The Park Blade Septostomy Catheter is intended to enlarge interatrial openings. The device can also be used when balloon atrial septostomy is insufficient or unsuccessful, particularly in older infants and children with a thickened atrial septum. Normally, the existing interatrial opening is used for this procedure. However, if the interatrial septum is intact, the procedure can be performed in conjunction with a transseptal technique.

The Park Blade Septostomy Catheter is a radiopaque polyethylene catheter with a distal tip section made of a stainless-steel cannula and a proximal end section consisting of a pin vise, a gasket, and a Y sidearm adapter. The distal stainless-steel cannula contains a stainless-steel blade that is linked to a lever, which allows the distal end to form a triangle. The Park Blade Septostomy Catheter is manufactured in 5.7 or 7.3 French sizes. The catheter working length measures either 65 or 85 centimeters from the distal tip to the distal end of the shrink tube. The blade lengths for the 5.7 French catheters are either 9.4 or 13.4 millimeters; for the 7.3 French size catheter, the blade measures 20.0 millimeters.

The provided text is a 510(k) summary for the Park Blade Septostomy Catheter. It outlines the device description, indications for use, comparison to a predicate device, and test data conducted to demonstrate substantial equivalence.

However, this submission is for a traditional medical device (catheter) and does not involve Artificial Intelligence (AI) or machine learning (ML). Therefore, many of the requested categories related to AI/ML device performance, ground truth, expert review, training sets, and MRMC studies are not applicable.

Below, I will answer the relevant questions based on the provided text, and explicitly state "Not Applicable" for questions related to AI/ML.

Description of Acceptance Criteria and Study to Prove Device Meets Acceptance Criteria

This submission is for a medical catheter (Park Blade Septostomy Catheter), which is a physical device, not an AI/ML-driven diagnostic or prognostic tool. Therefore, the "acceptance criteria" discussed are related to the physical and material properties of the catheter, and the "study" refers to the engineering and biocompatibility tests conducted on the device.

1. A table of acceptance criteria and the reported device performance

The document states that pre-determined acceptance criteria were met for all tests. However, the specific quantitative acceptance criteria for each test are not detailed in this summary. The summary only reports the outcome that the criteria were satisfied.

2. Sample size used for the test set and the data provenance (e.g. country of origin of the data, retrospective or prospective)

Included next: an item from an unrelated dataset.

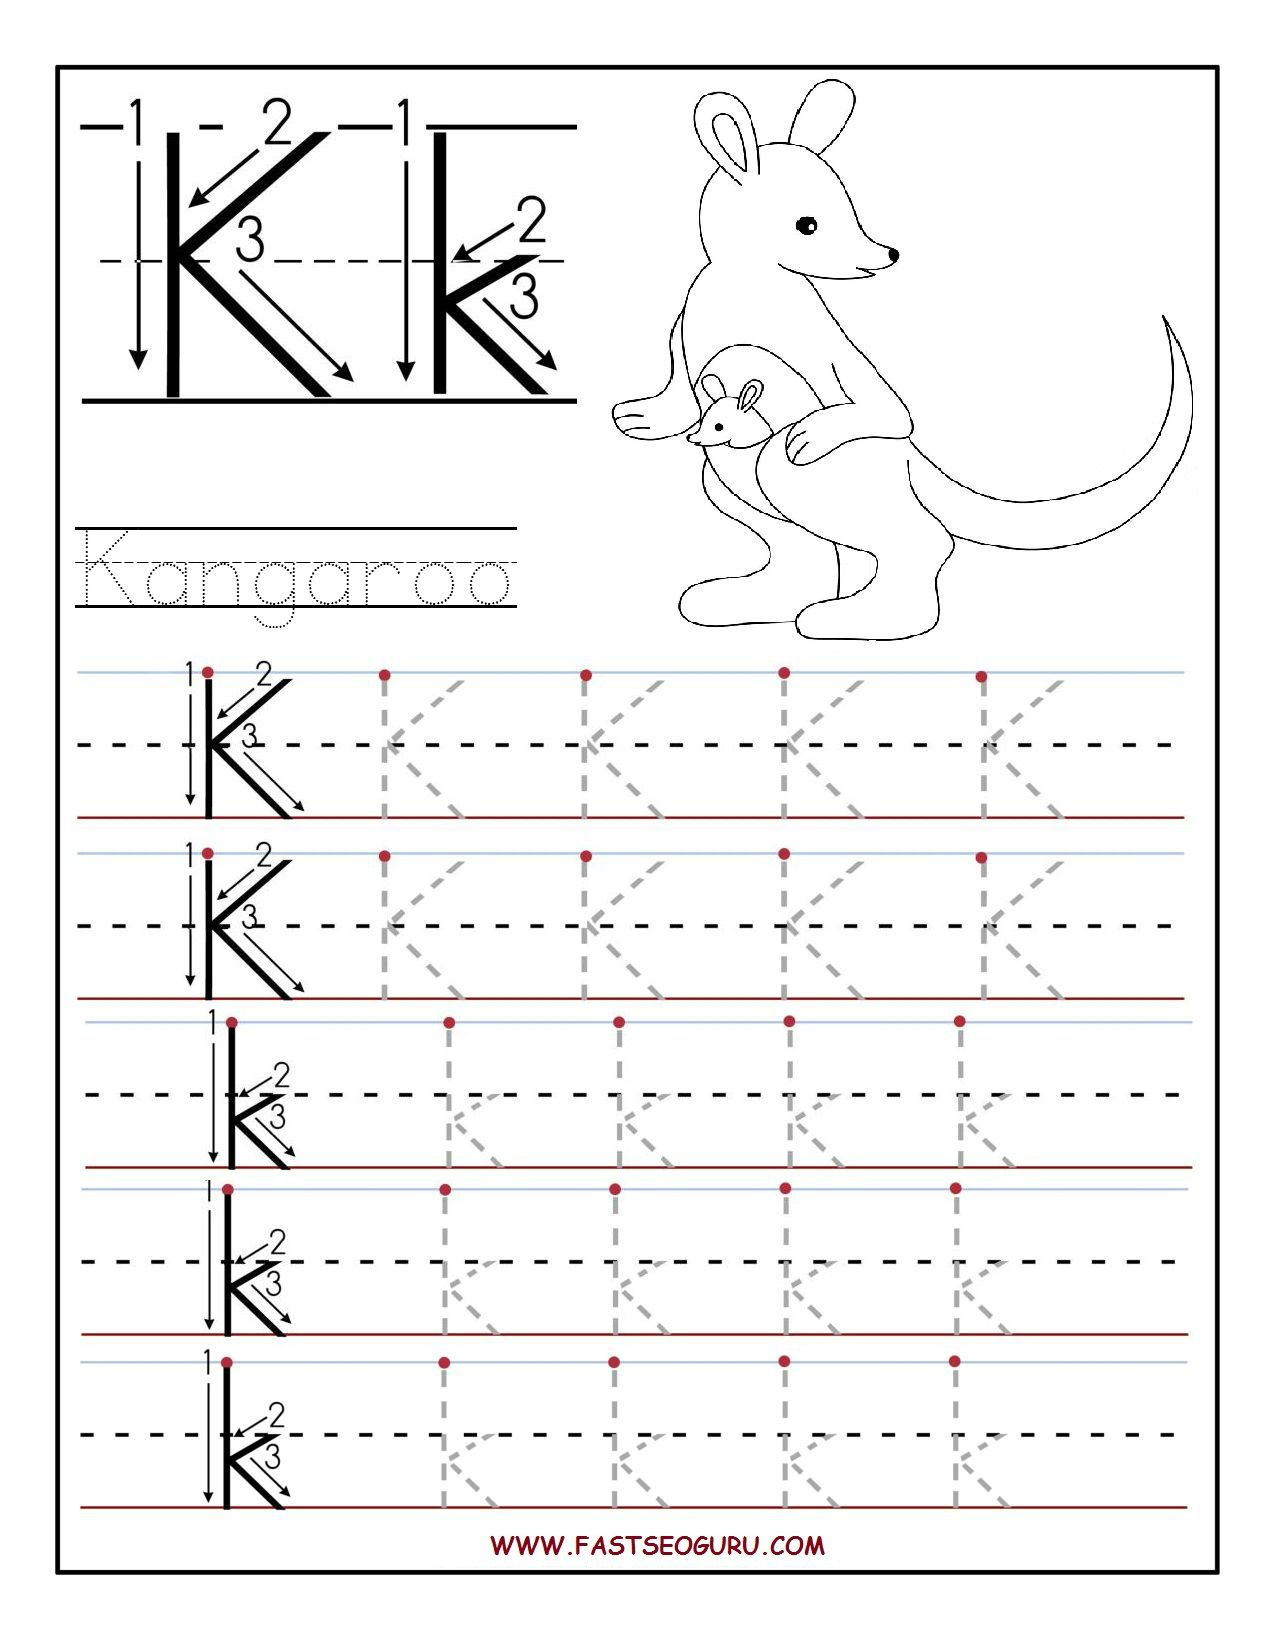 Printable Letter K Tracing Worksheets For Preschool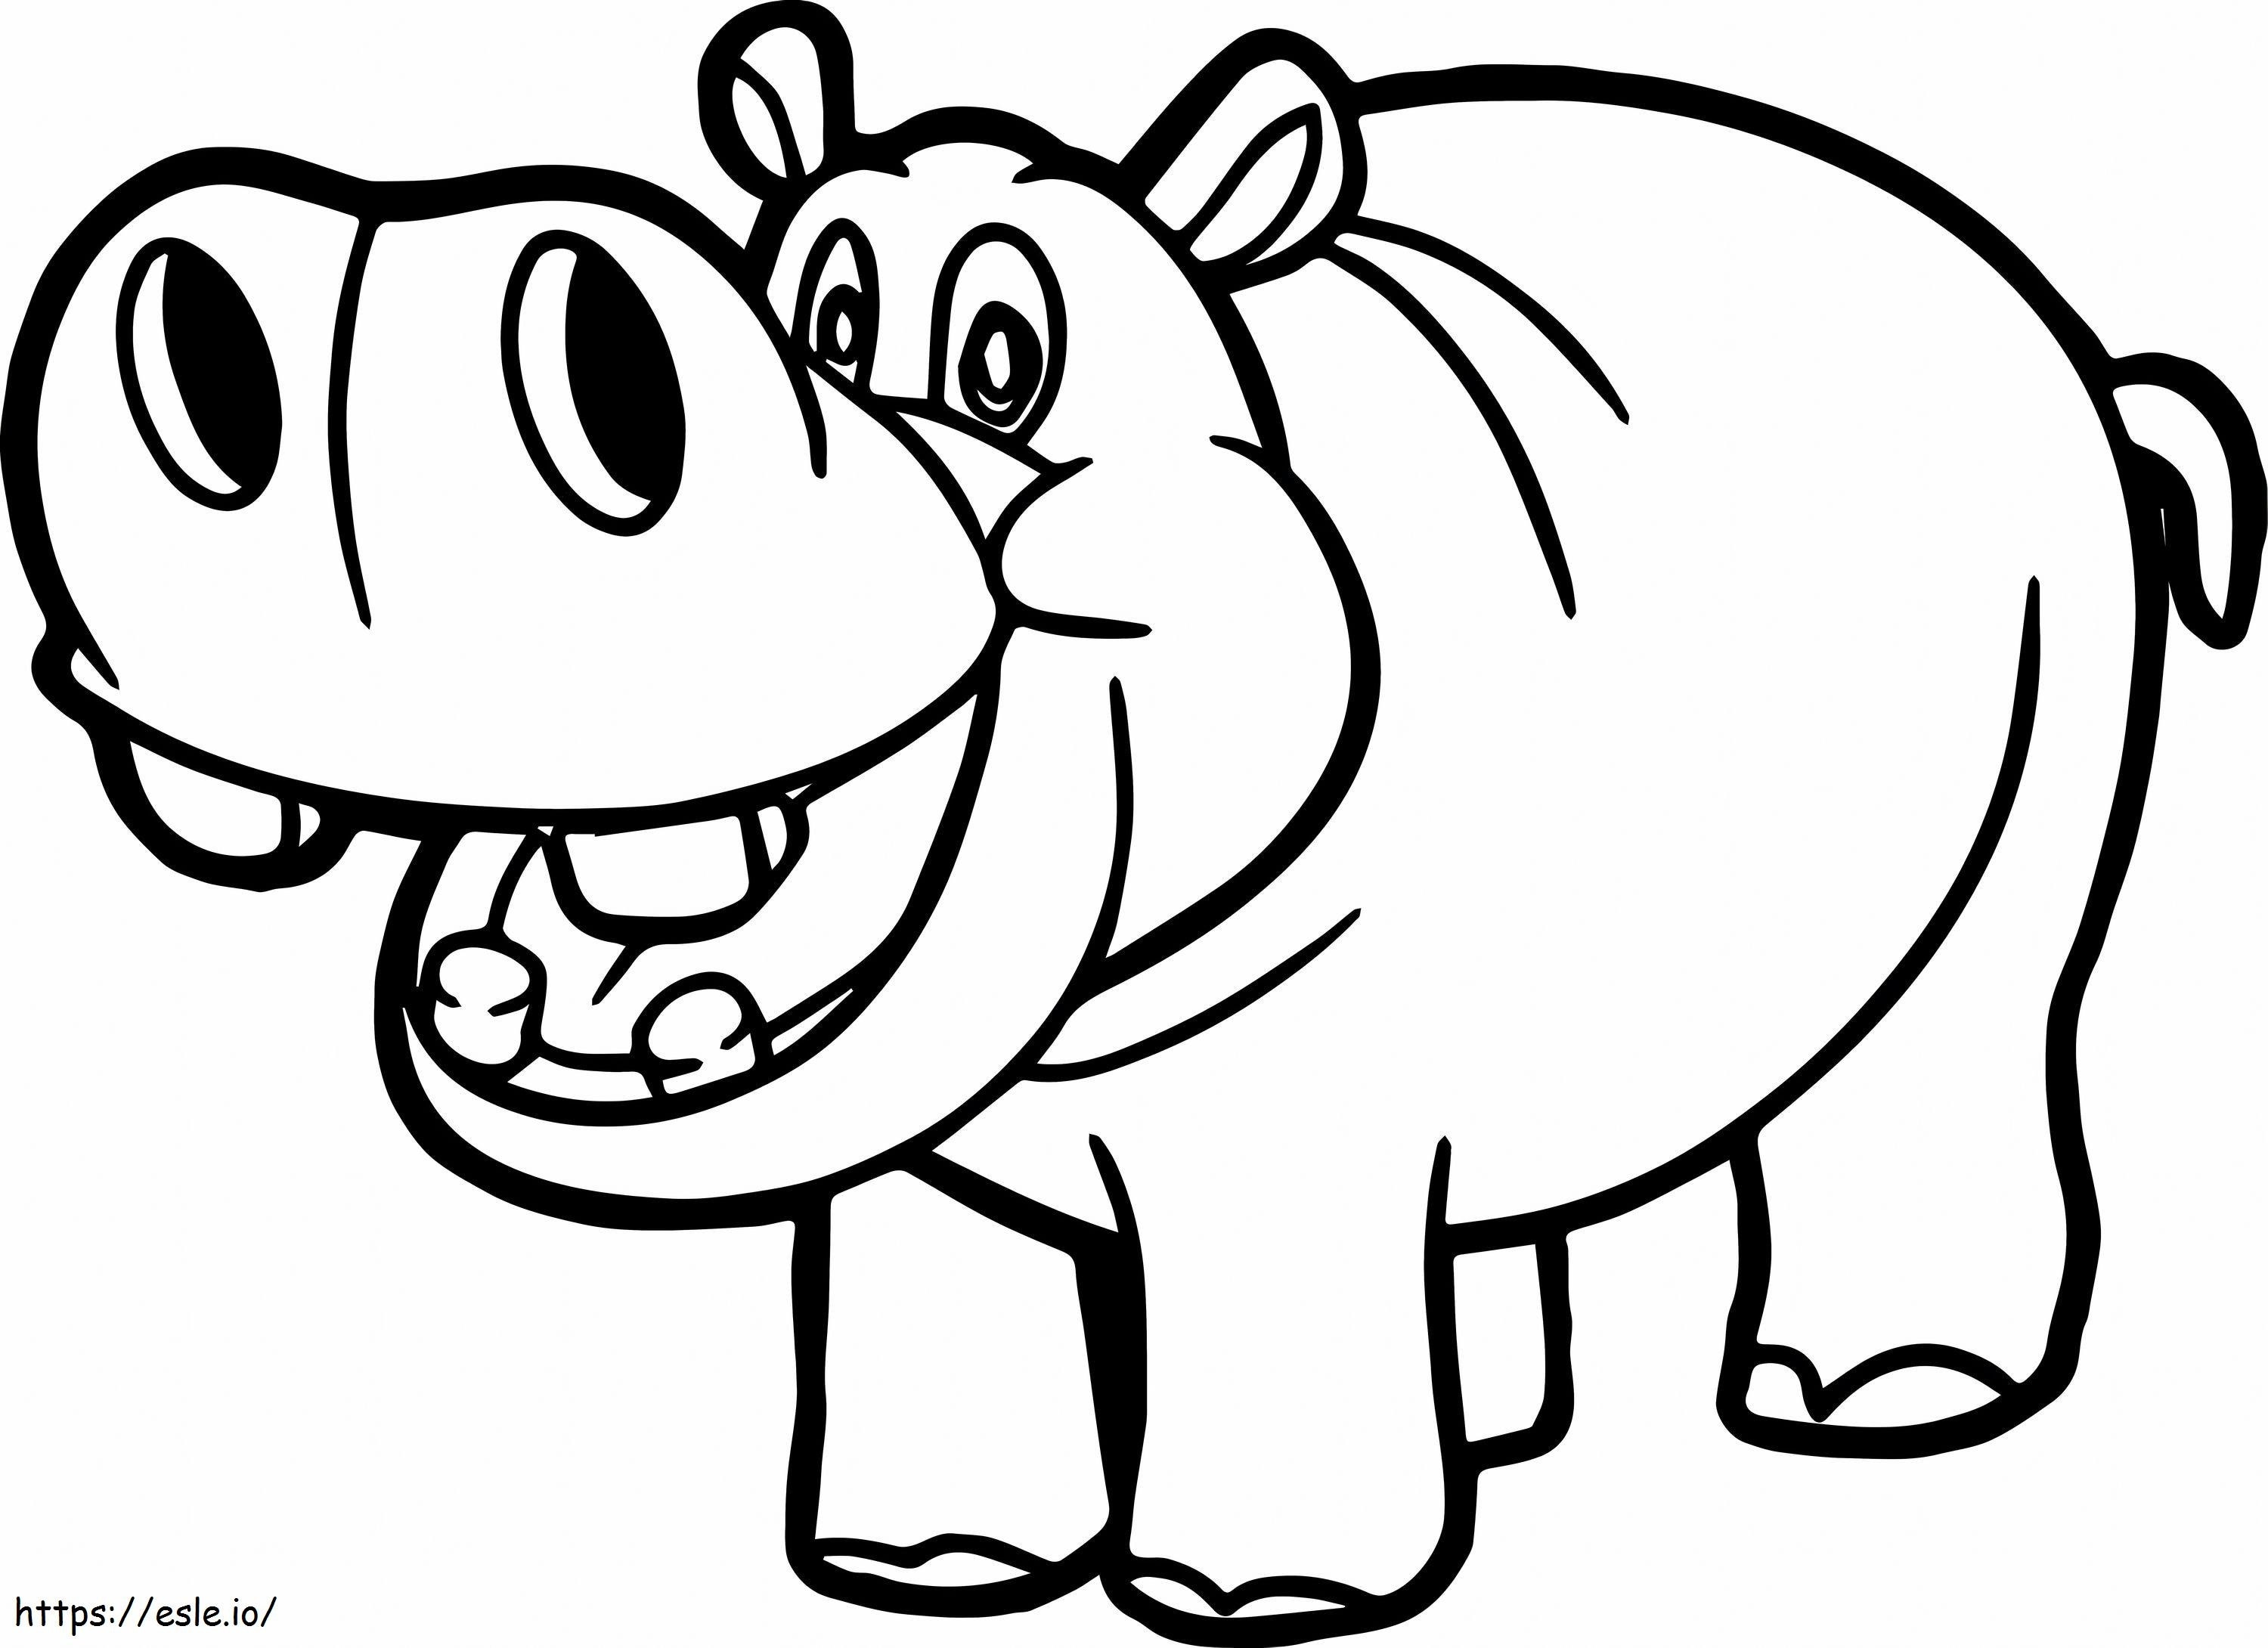 1548128583 Hippopotamuses Hippopotamuses Luxury Outline Drawing at Getdrawings Of Hippopotamuses de colorat

The document does not specify the sample sizes used for each of the physical and material tests (Biocompatibility, Radiopacity, Tensile, Corrosion, Dimensional, and Blade Activation Verification). It also does not mention data provenance in terms of country of origin or retrospective/prospective nature, as these tests are typically conducted in a laboratory setting.

3. Number of experts used to establish the ground truth for the test set and the qualifications of those experts (e.g. radiologist with 10 years of experience)

Not Applicable. This is a physical device; "ground truth" and "experts" in the context of diagnostic interpretation are not relevant here. The tests are based on engineering standards and measurements.

4. Adjudication method (e.g. 2+1, 3+1, none) for the test set

Not Applicable. This concept is relevant for interpreting ambiguous results, usually in diagnostic imaging or clinical trials with subjective endpoints. The tests performed are objective physical and material property evaluations.

5. If a multi-reader multi-case (MRMC) comparative effectiveness study was done, If so, what was the effect size of how much human readers improve with AI vs without AI assistance

Not Applicable. This is a physical medical device, not an AI-assisted diagnostic tool.

6. If a standalone (i.e. algorithm only without human-in-the-loop performance) was done

Not Applicable. This is a physical medical device, not an AI algorithm.

7. The type of ground truth used (expert consensus, pathology, outcomes data, etc)

The "ground truth" for these types of tests are the specifications and requirements defined by the relevant ISO, ASTM, and BS EN standards (e.g., ISO 10993-1:2009 for biocompatibility, ASTM F640-12 and BS EN ISO 10555-1 for radiopacity, BS EN ISO 10555-1 for tensile and corrosion, and design input specifications for dimensional/blade activation). These are established engineering benchmarks.

8. The sample size for the training set

Not Applicable. This is a physical device; there is no "training set" in the context of machine learning.

9. How the ground truth for the training set was established

Not Applicable. This is a physical device; there is no "training set" or "ground truth" establishment in the context of machine learning.